I have the feeling that the steaming power of my Gaggia Classic has decreased lately. I think it takes me way too long to froth milk for just 1 cup of cappuccino. How long do you wait after turning on the steam switch? I just wait for the light to turn on again and start steaming. Maybe I should wait more?


----------



## Glenn (Jun 14, 2008)

Try descaling Bronc.

Weak steam is one of the first signs of scale in a Gaggia Classic


----------



## bronc (Dec 10, 2012)

The boiler is less than one month old and when I took the machine apart I soaked all bits and pieces into citric acid. I think it's not the power of the steam but the temperature.

EDIT: Just measured it at 76*C with a digital thermometer. Isn't that a bit low? The tip of the thermometer was just below the steam vent and it was opened almost completely full (2/3-3/4 the way).

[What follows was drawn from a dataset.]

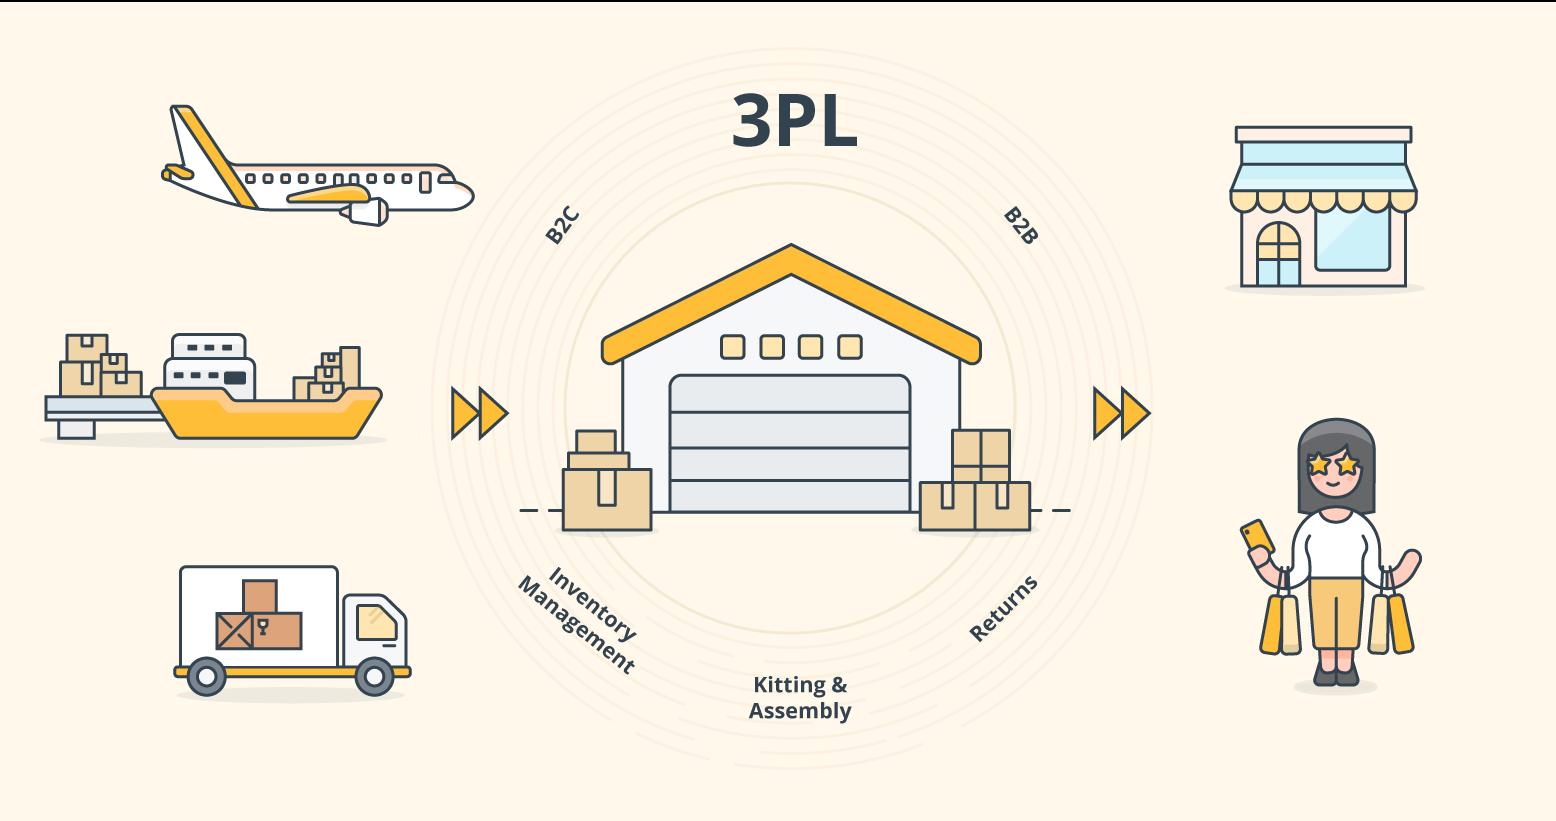 3PL process chart
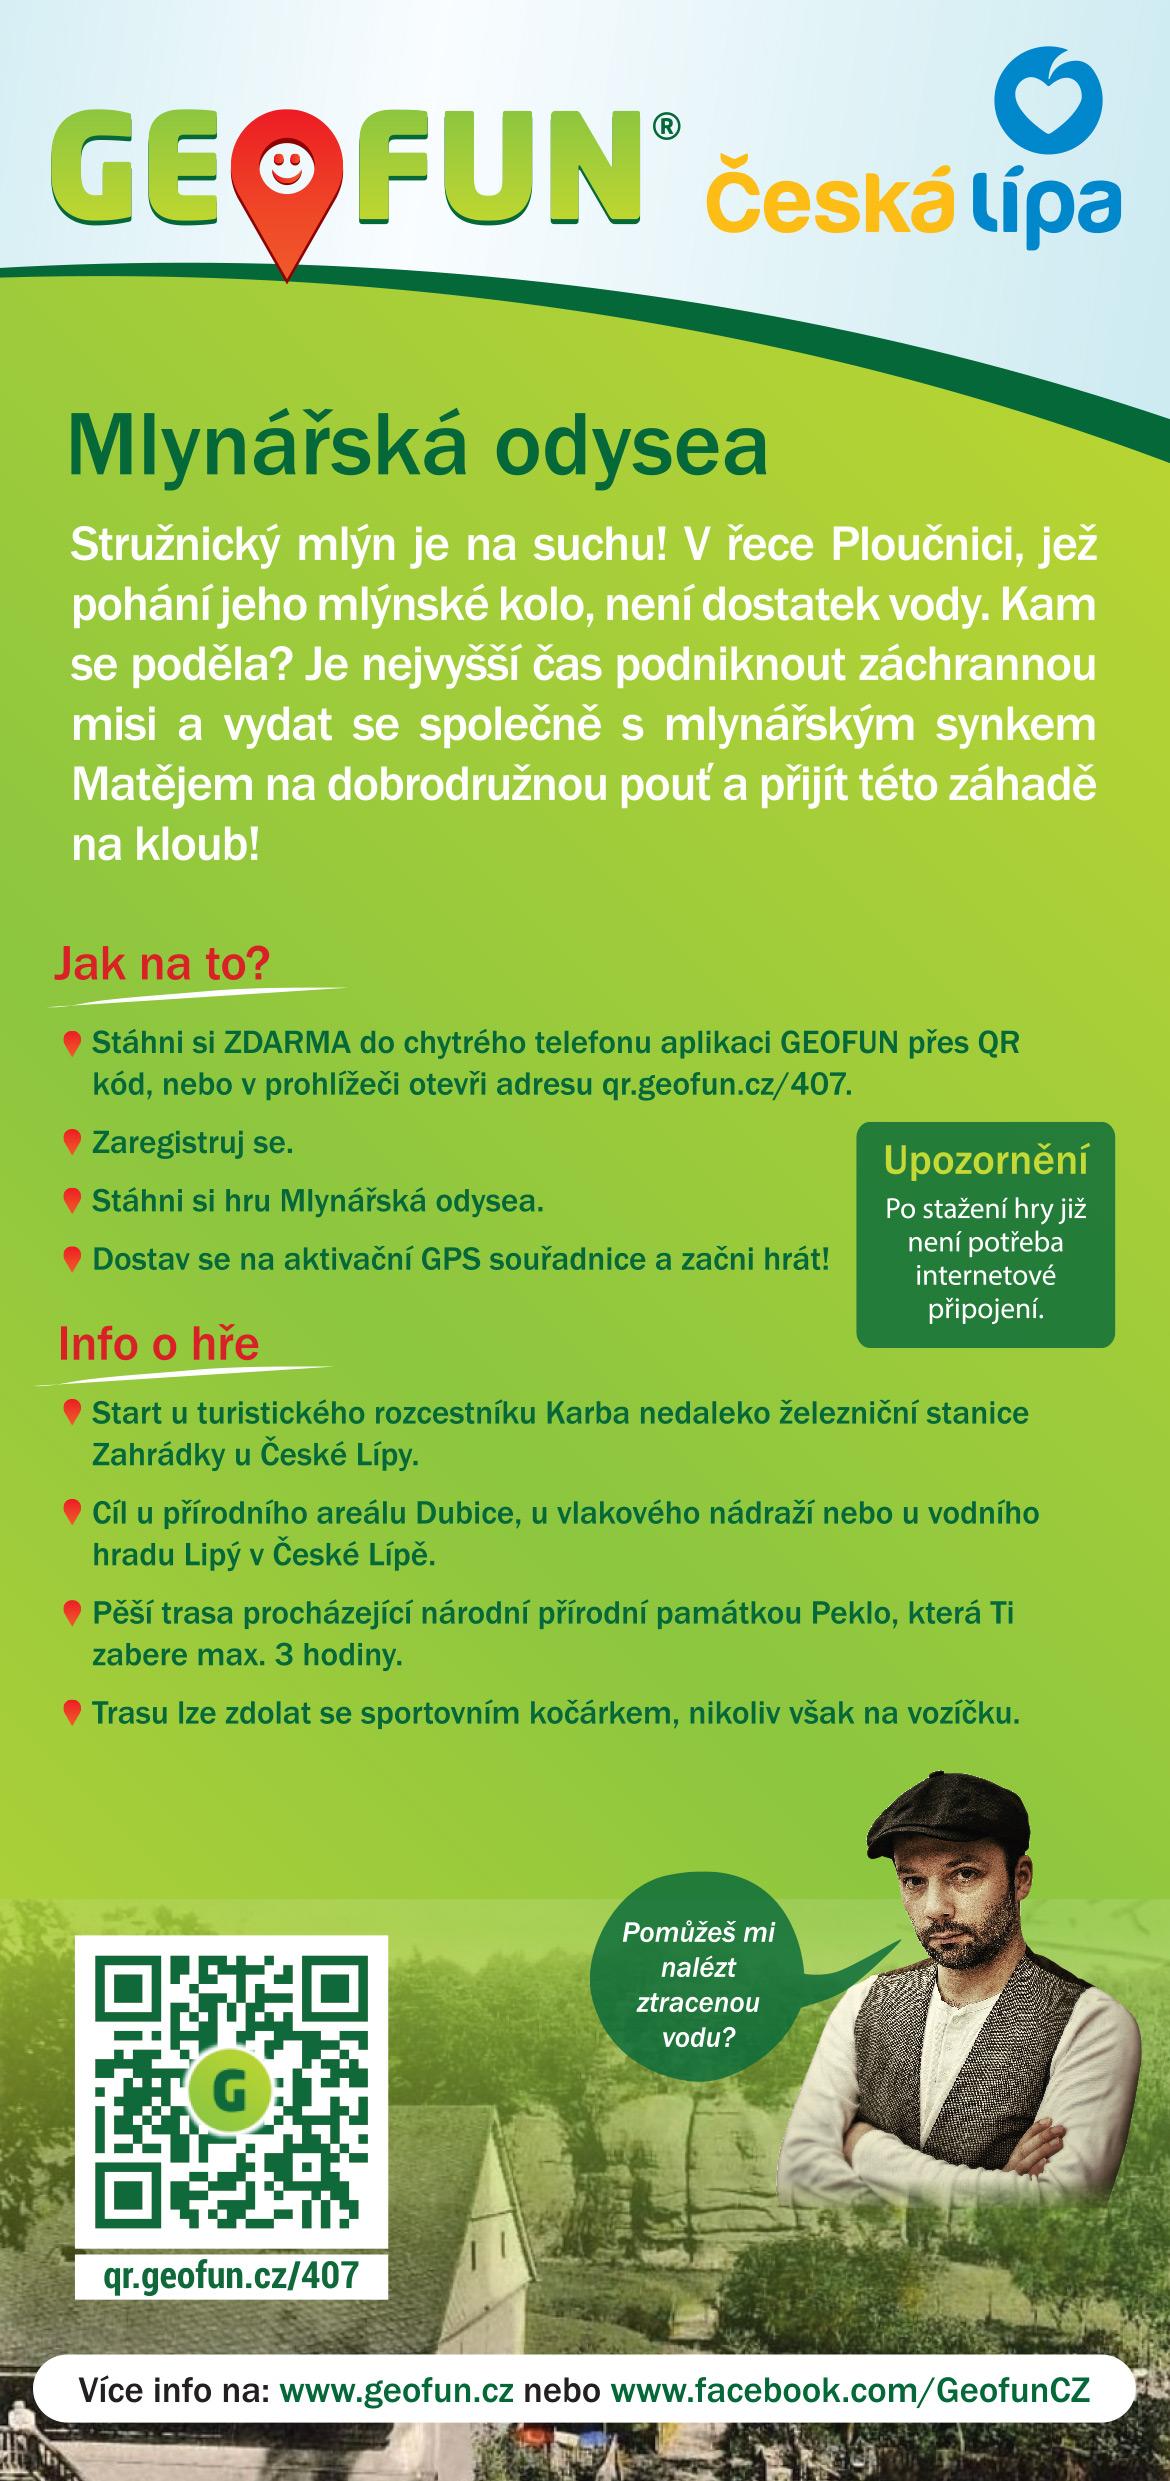 mlynarska-odysea-cz

EDIT2: I was able to get it to 81*C maximum.


----------



## Glenn (Jun 14, 2008)

Thats a different issue entirely then.

How long has the machine been on for before pulling your shot? Then how long do you let the steam come up to temp for before purging and then steaming?


----------



## bronc (Dec 10, 2012)

The machine is usually on for at least 30mins or more. I usually let the boiler go through two cycles after pushing the steam switch.


----------